YOUR GOAL:
Give back the lines below exactly, but do not include any pictures.

DATA:
· · · · · · ·
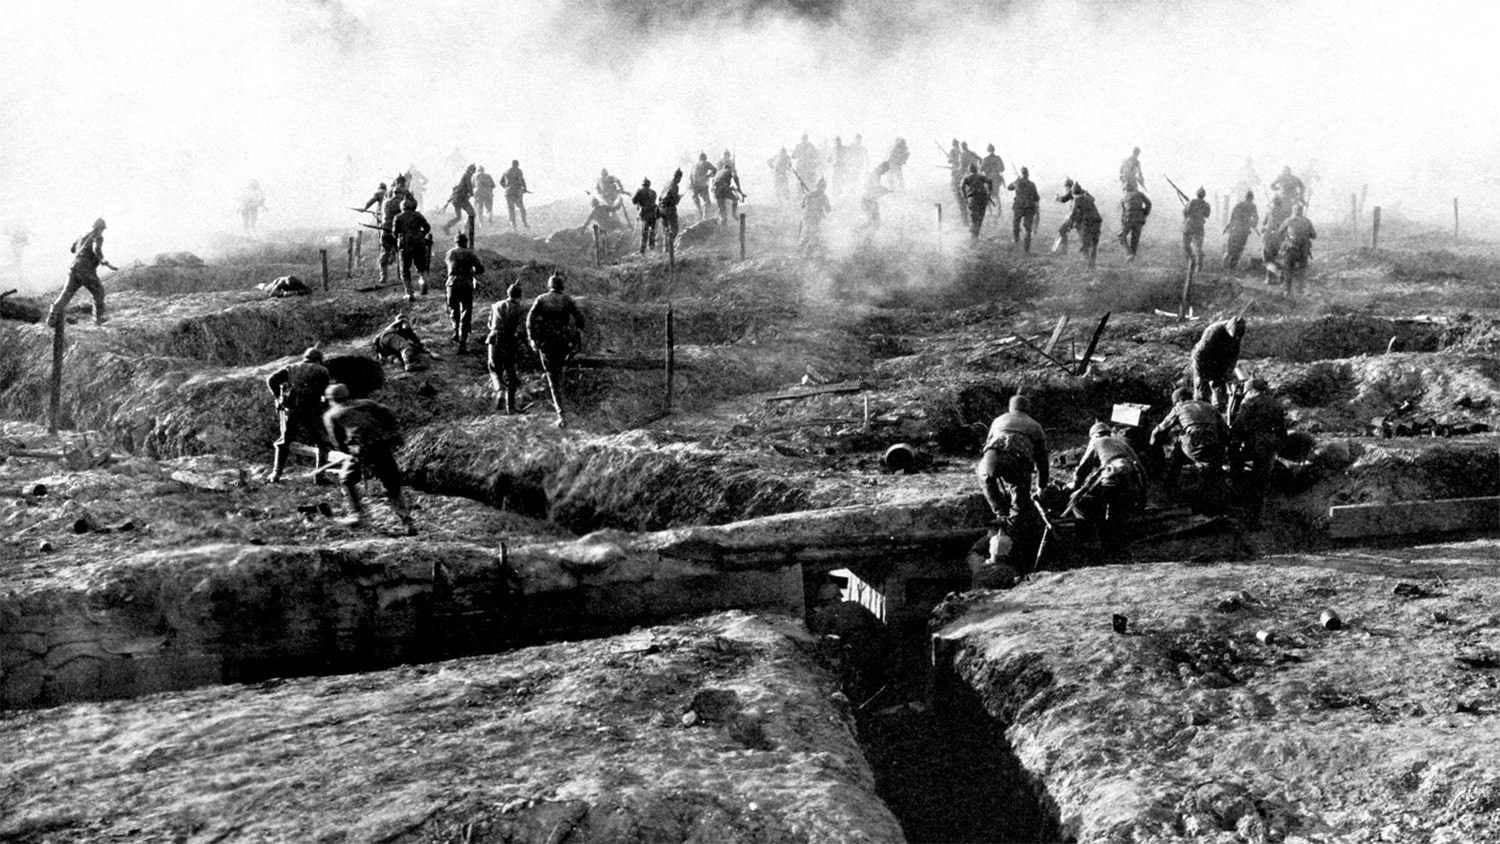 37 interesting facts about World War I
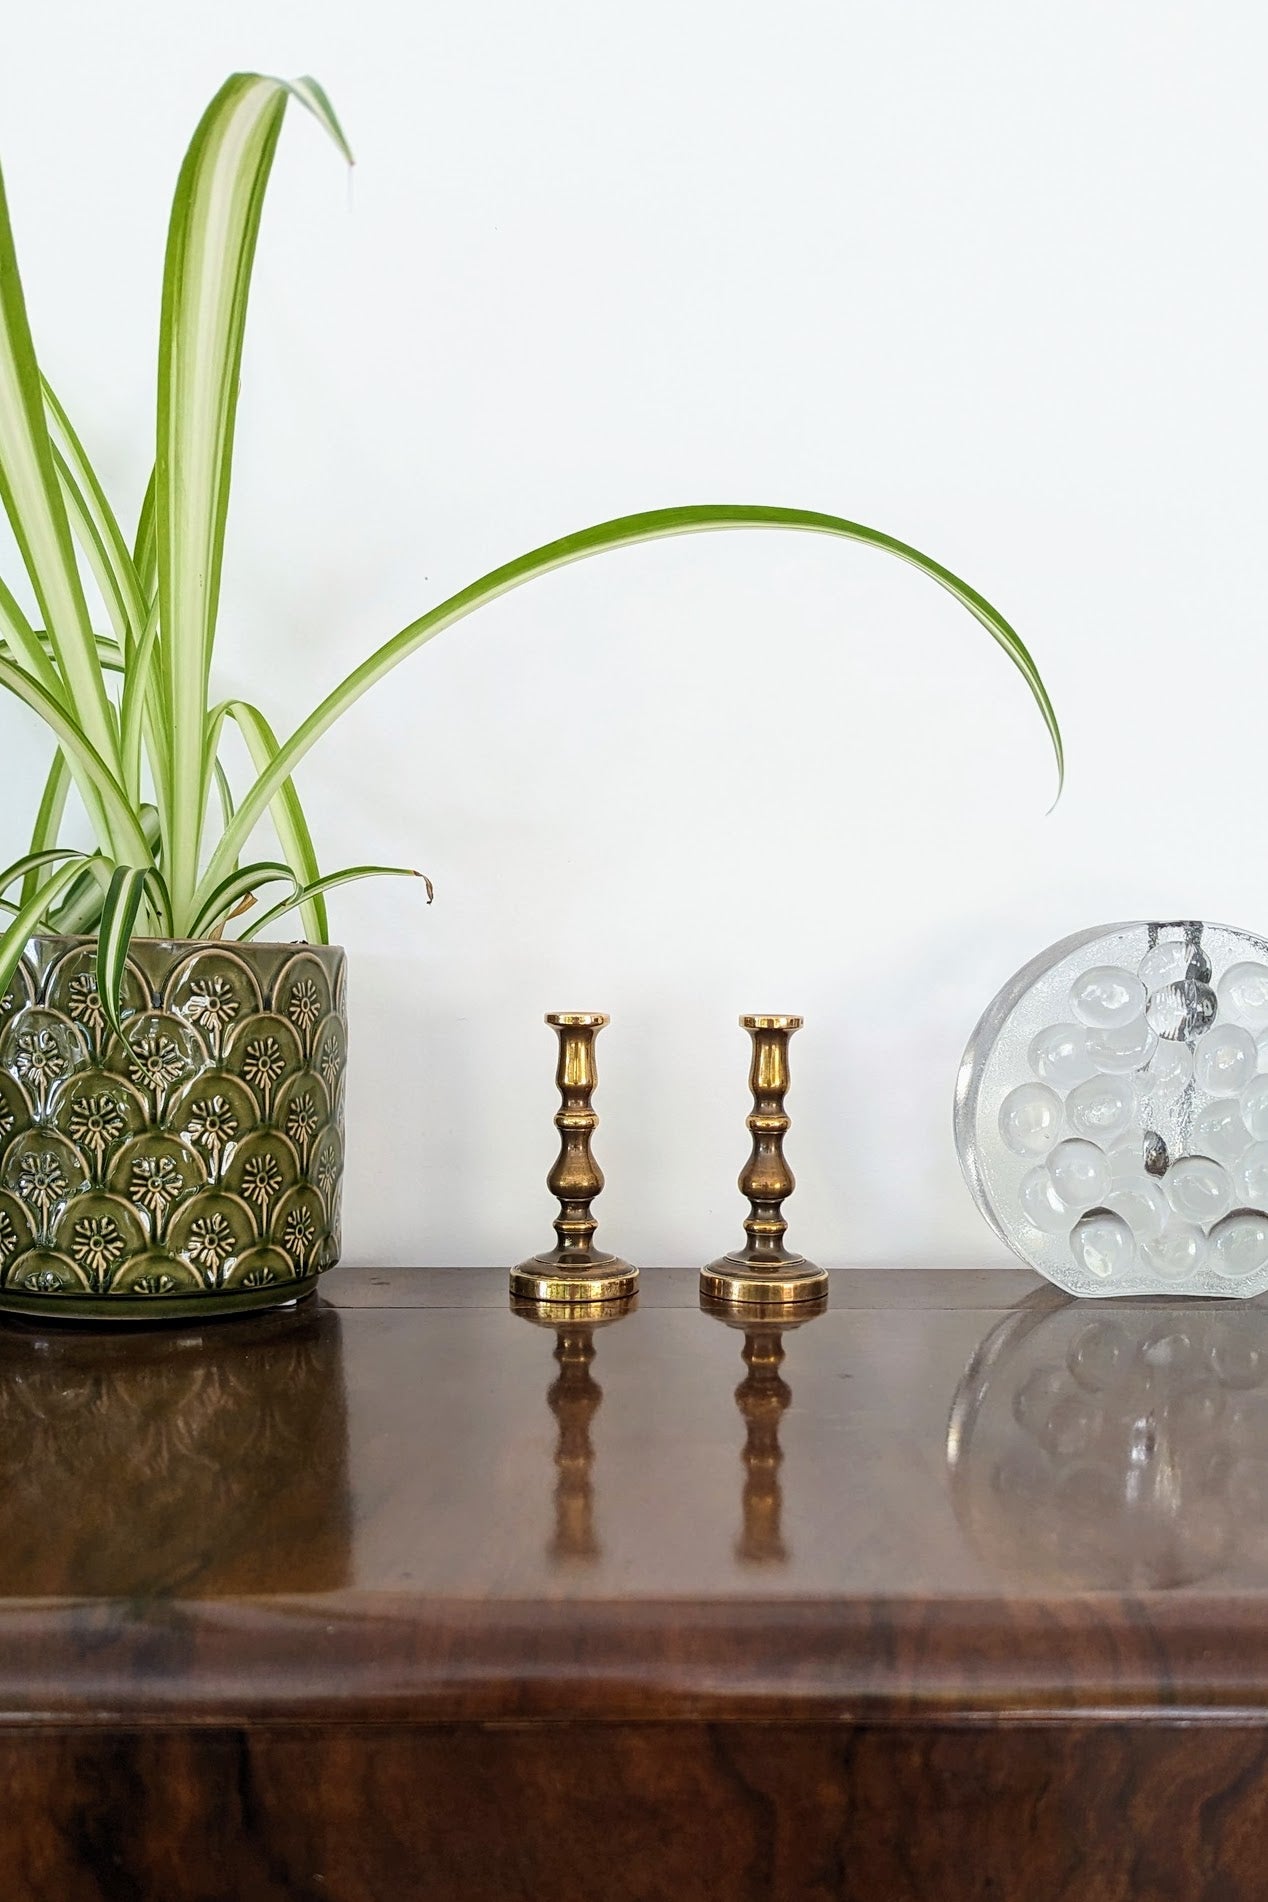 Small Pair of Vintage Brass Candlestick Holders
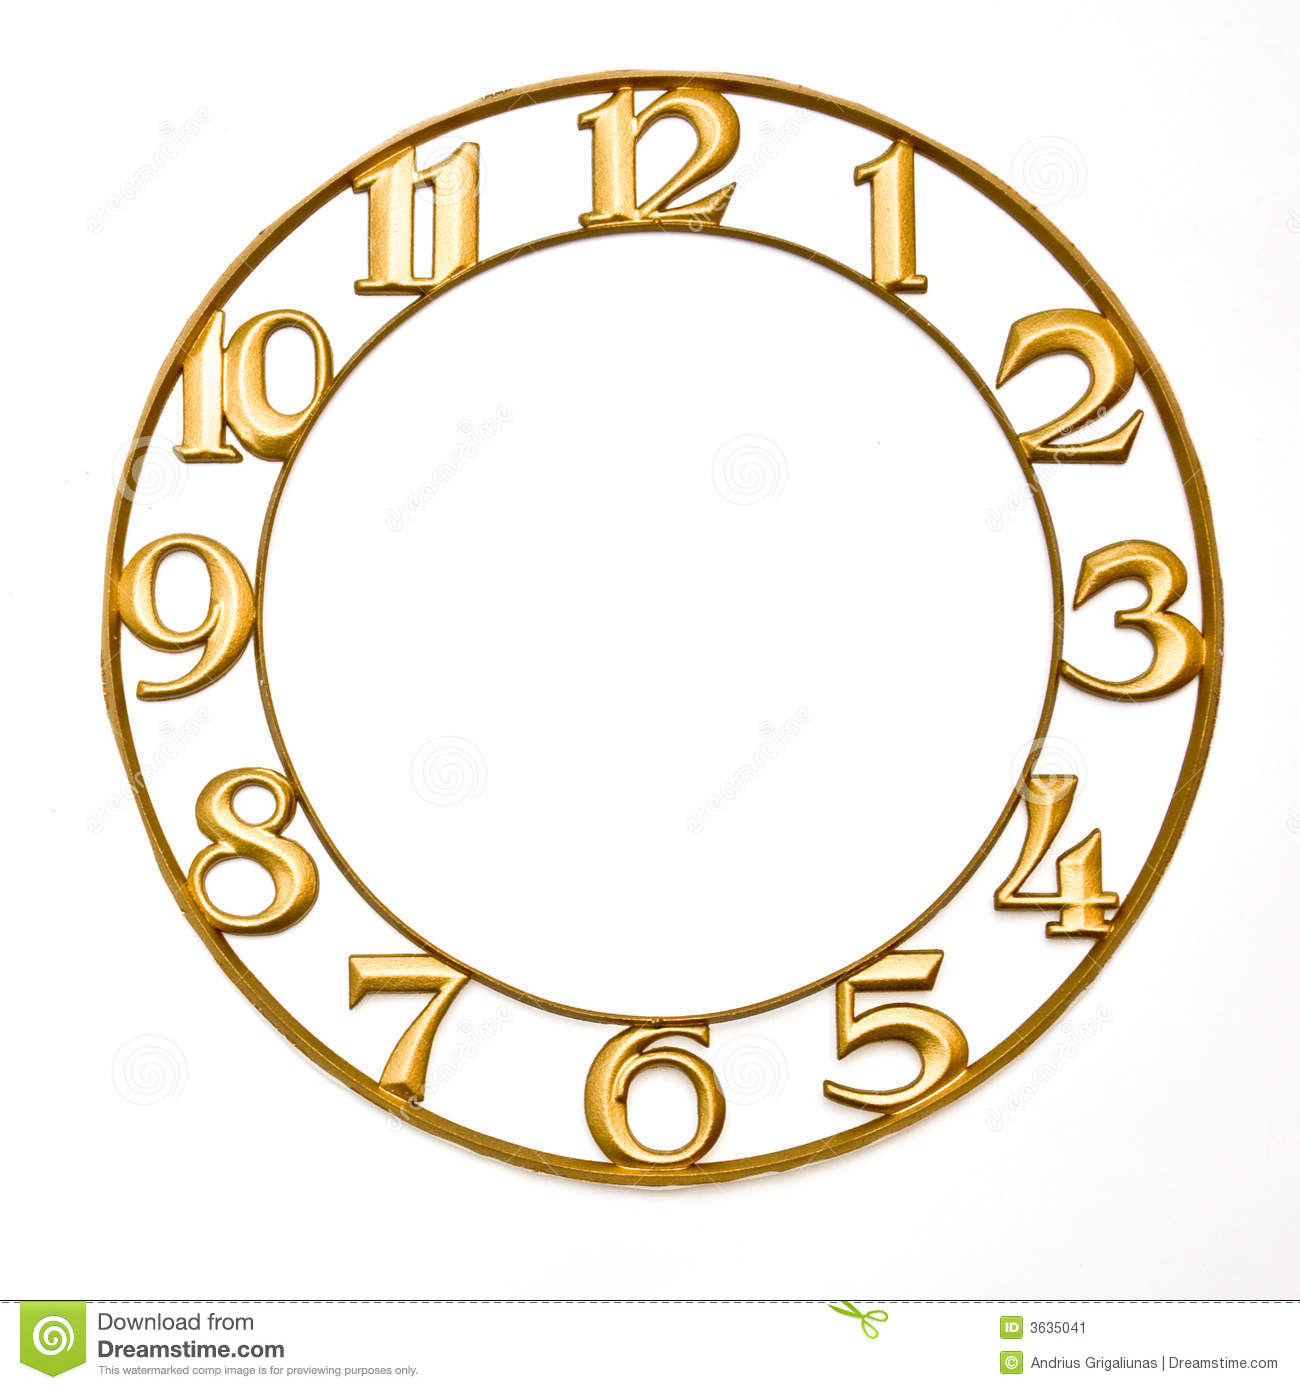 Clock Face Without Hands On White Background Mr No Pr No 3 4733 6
· · · · · · ·
ANSWER TO THIS PROBLEM:
 37 interesting facts about World War I
 Small Pair of Vintage Brass Candlestick Holders
 Clock Face Without Hands On White Background Mr No Pr No 3 4733 6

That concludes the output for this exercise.